_PROVIDED INFORMATION_.
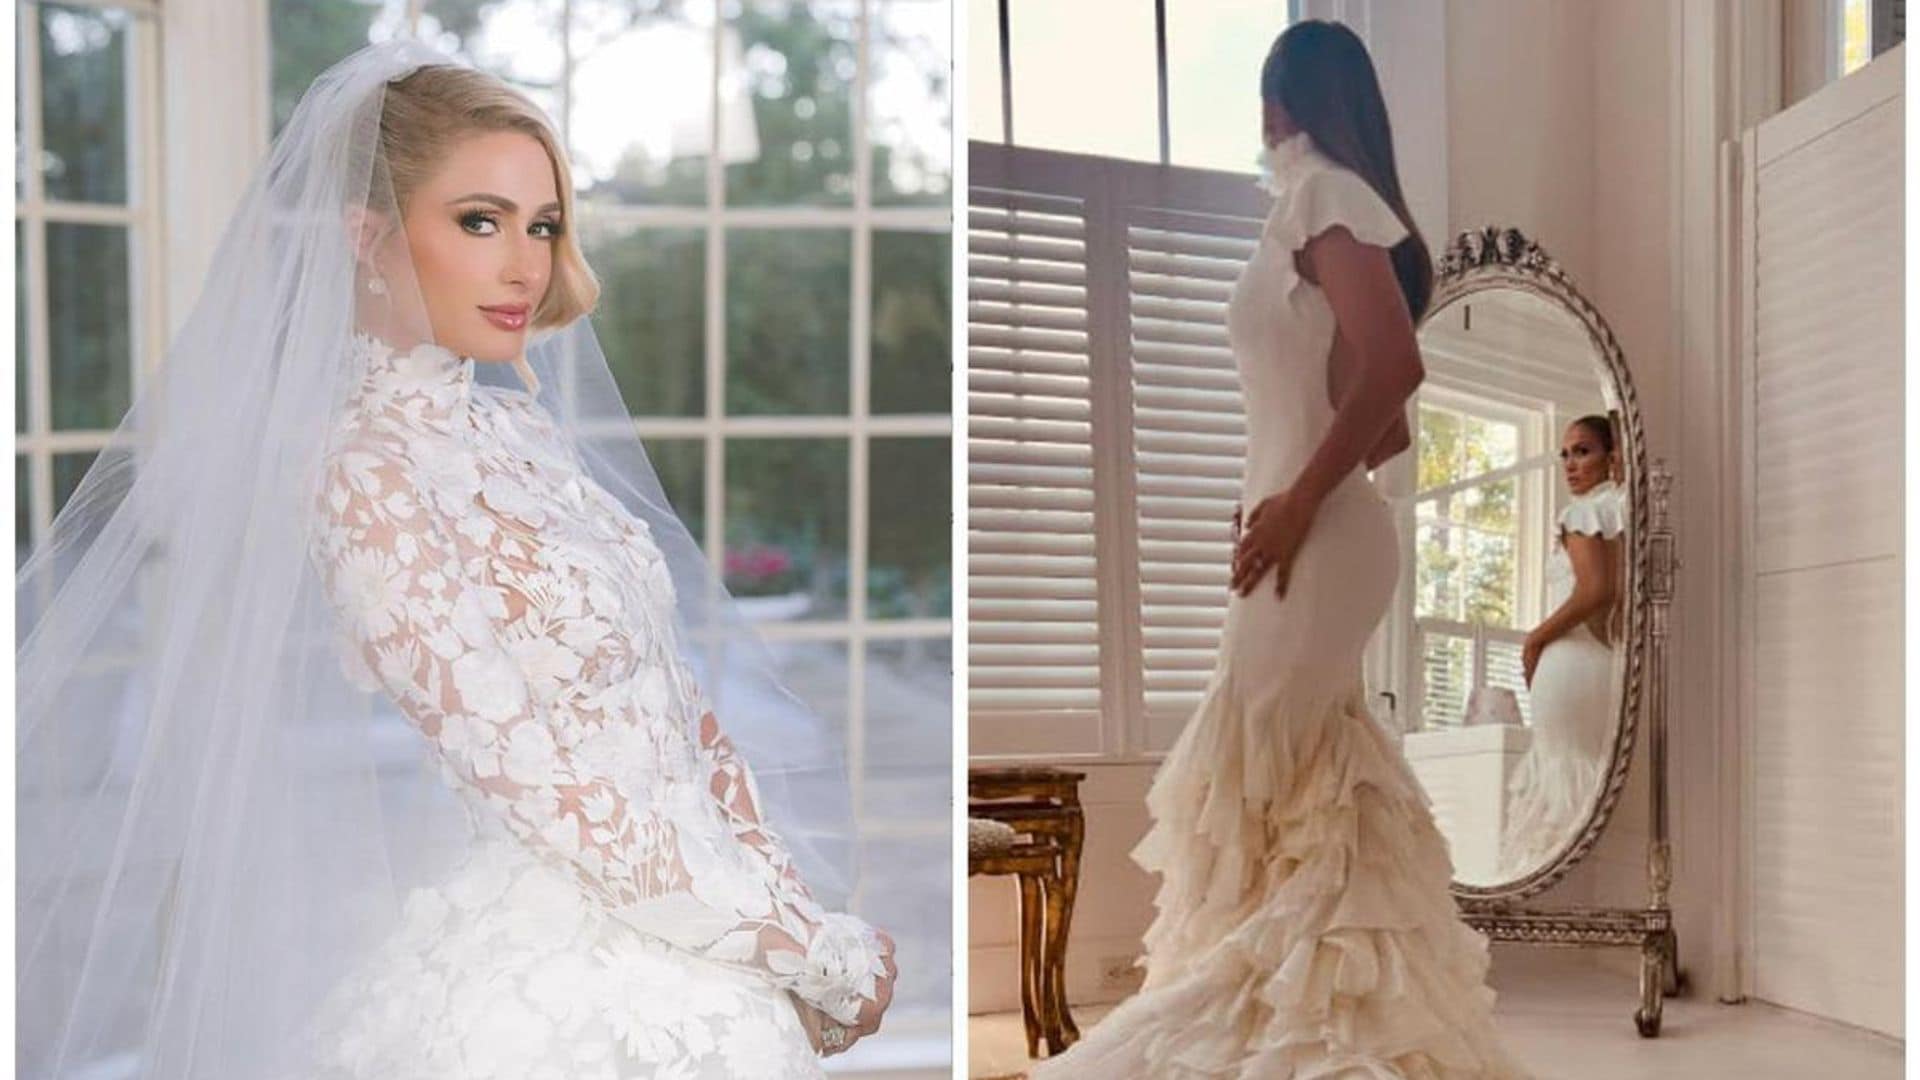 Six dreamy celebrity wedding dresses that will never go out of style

---

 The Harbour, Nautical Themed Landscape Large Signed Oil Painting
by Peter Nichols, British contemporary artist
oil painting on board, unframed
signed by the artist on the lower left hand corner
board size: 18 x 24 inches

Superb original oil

_REQUIREMENT_. Look through the material above for "board" and copy the lines that have it.

_WRITTEN REPLY_.
oil painting on board, unframed
board size: 18 x 24 inches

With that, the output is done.